Истинная поэзия, то есть поэзия естественная и гармоничная, столько же говорящая сердцу, сколько и уму, стала в этот счастливый век доступна народу. Новые образцы красноречия явились во всей своей величавой красоте. Особенно прославились в ту пору театры, где шли пьесы настолько совершенные, что ни одному народу не удалось создать произведений, подобных им. Наконец чувство изящного стало свойственно людям всех сословий, так что даже среди друидов появились хорошие писатели.
Но эти лавры, чьи главы возносились до небес, засохли вскоре на истощенной земле. Их осталось ничтожно мало – чахлых и увядающих. Упадок вызван был тем, что все научились писать бойко, и уже никто не старался писать хорошо, а также пресыщенностью прекрасным и влечением к извращенному. Тщеславные глупцы лелеяли художников, возвращавших искусство вспять, ко временам варварства, и эти же тщеславцы, преследуя истинные таланты, вынуждали их покидать родину. Трутни изгоняли пчел.

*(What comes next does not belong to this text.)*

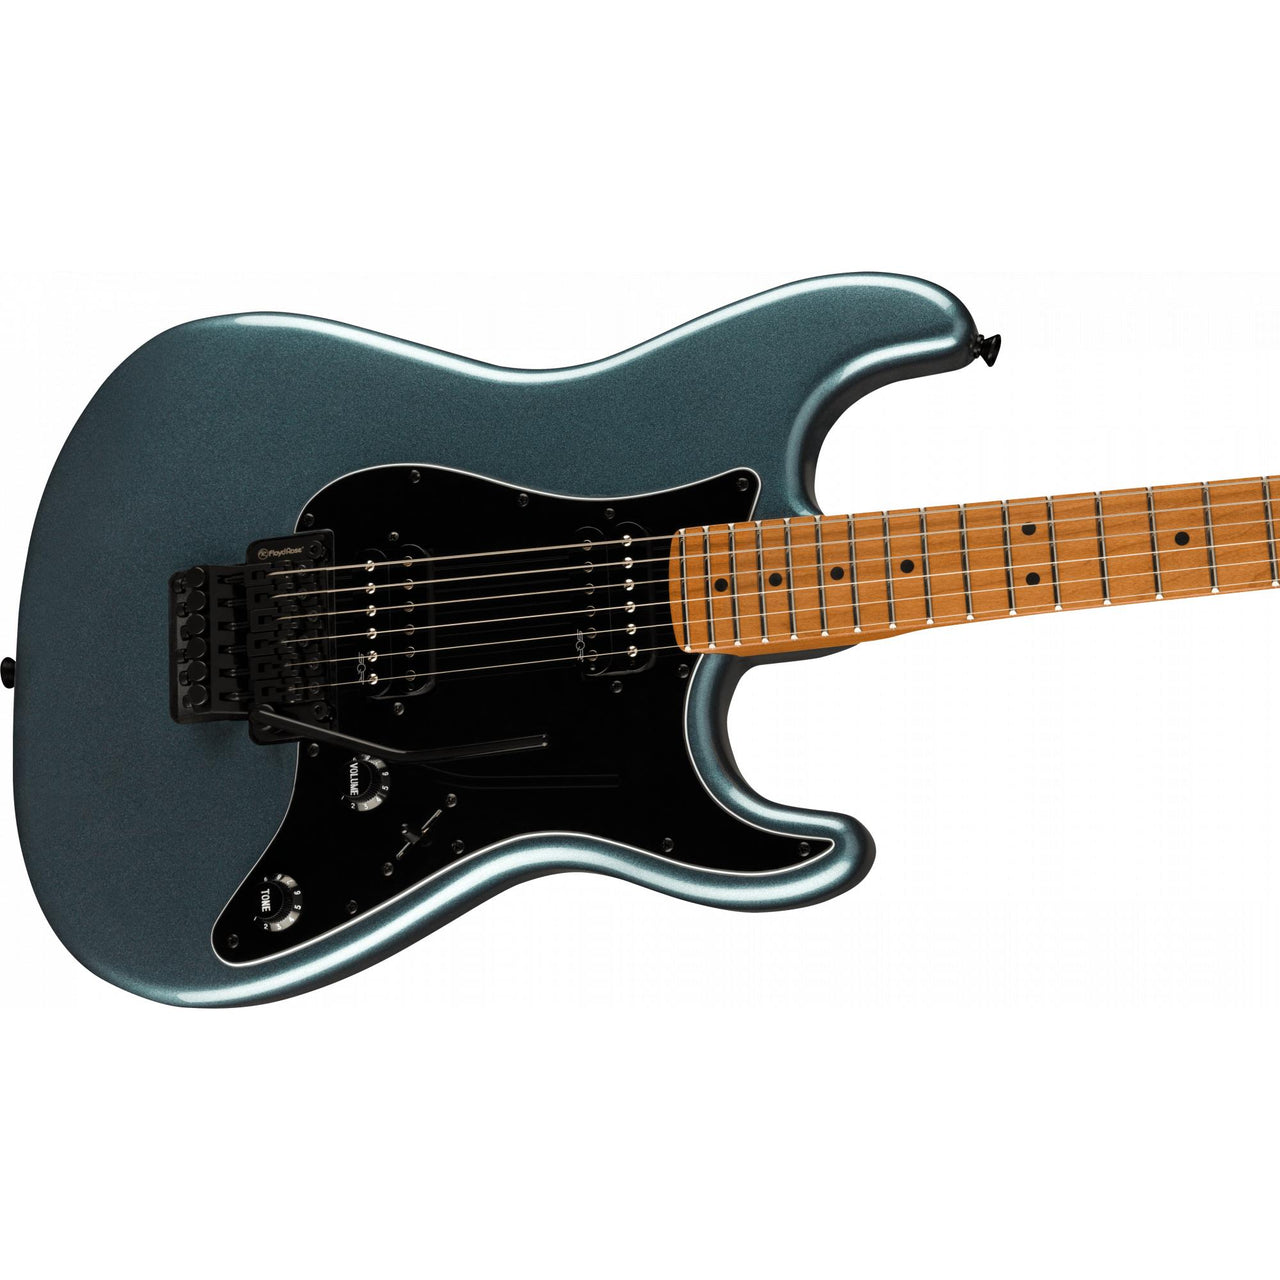 Guitarra Fender Contemporary Stratocaster Hh Fr Electrica Bronce Metálico 0370240568

Почти исчезли подлинные искусства, почти исчез гений. Заслугой считалось умение толковать вкривь и вкось о заслугах былого века. Пачкун кабацких стен с видом знатока критиковал полотна великих мастеров. Пачкуны бумаги искажали произведения великих писателей. Невежество и дурной вкус имели в услужении других пачкунов. Под различными заглавиями, в ста томах, повторялось одно и то же. Либо словарь, либо брошюра – иного выбора не было. Некий газетчик-друид [70] дважды в неделю туманно писал о деяниях неведомых народу фанатиков и о небесных чудесах, будто бы совершаемых на чердаках оборванными нищими и нищенками. Отставные друиды [71] в черных одеждах, умирающие от голода и злости, в сотнях статеек сетовали на то, что им больше не дозволяют обманывать людей и что это право предоставлено зловонным отщепенцам в серых одеждах [72]. Несколько архидруидов сочиняли гнусные пасквили [73].

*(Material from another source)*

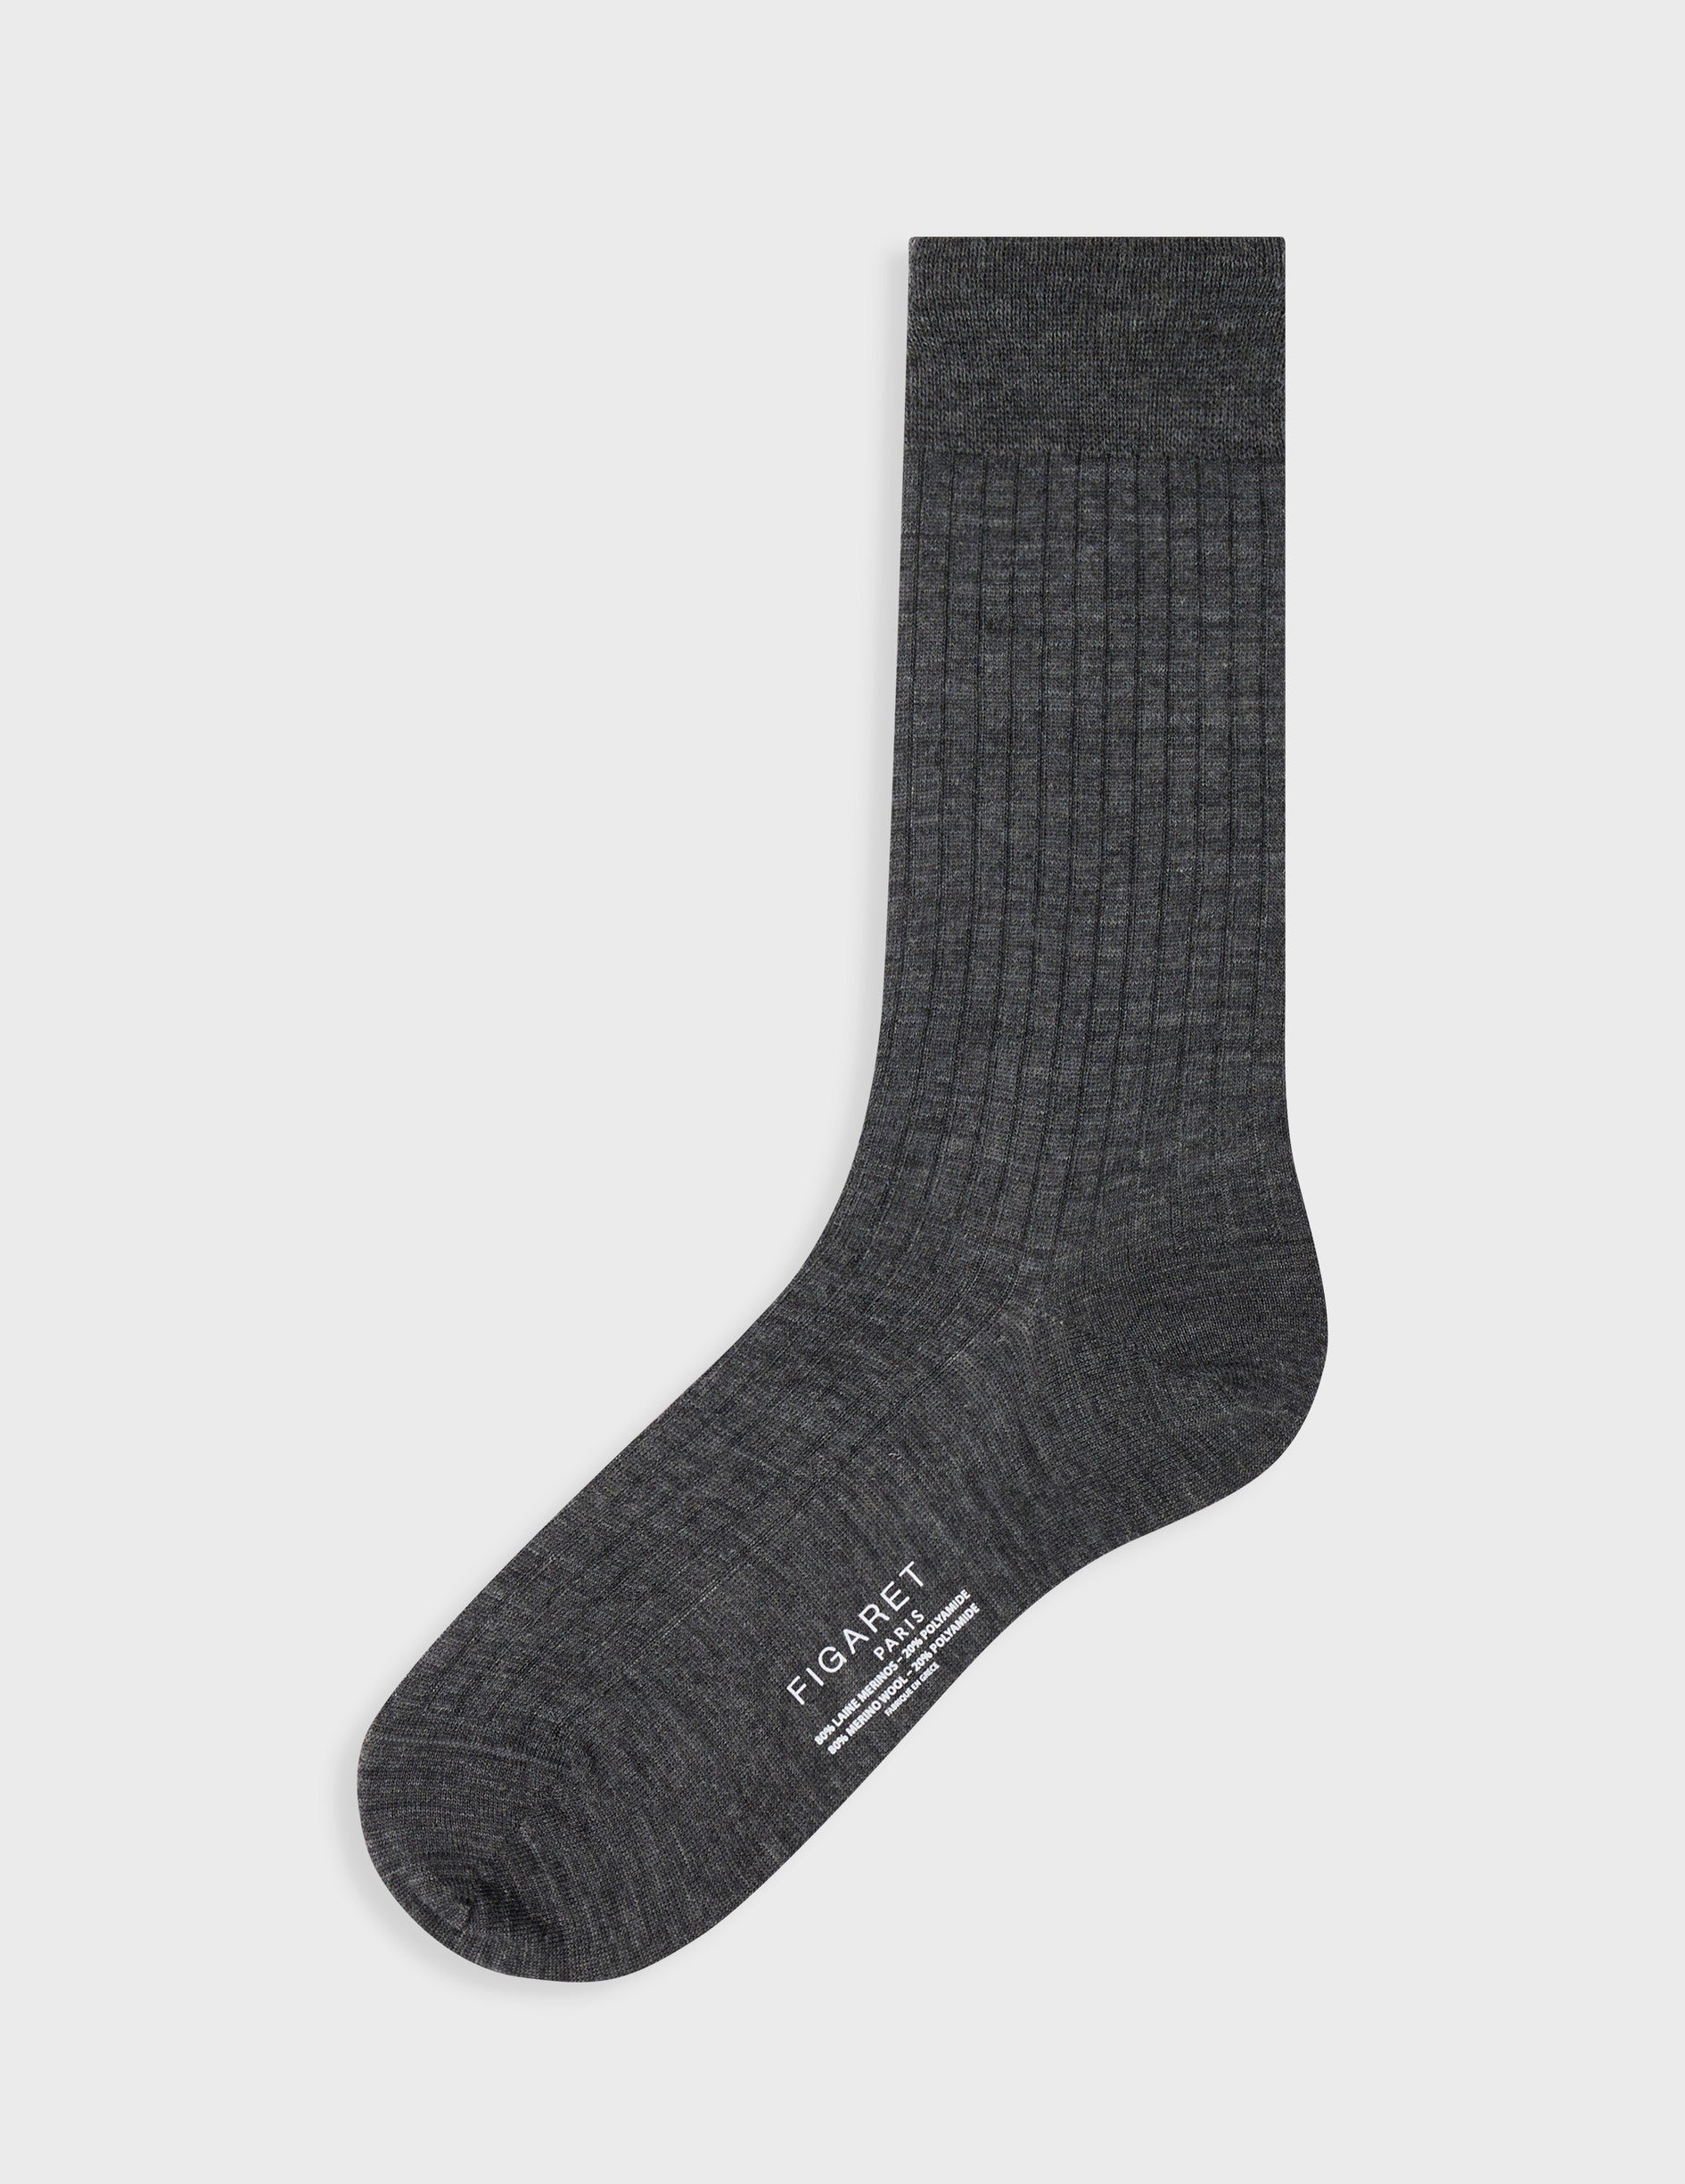 Gray wool socks

Амазан ничего этого не знал, а если бы и знал, то не стал бы этим интересоваться, так как всецело был поглощен мыслью о вавилонской царевне, египетском фараоне и своей нерушимой клятве не поддаваться женским чарам, в какую бы страну ни направило горе его стопы.
Легкомысленные и невежественные зеваки, в высшей степени обладающие тем любопытством, которое всегда было присуще роду человеческому, непрерывно топтались вокруг единорогов. Женщины, как существа более здравомыслящие, ломились в дом, где остановился Амазан, стремясь лицезреть его самого.
Сначала он выразил своему хозяину желание отправиться ко двору, но праздные люди из светского общества, с которыми его свел случай, разъяснили ему, что теперь это не в моде, что времена изменились и что весело провести время можно только в городе.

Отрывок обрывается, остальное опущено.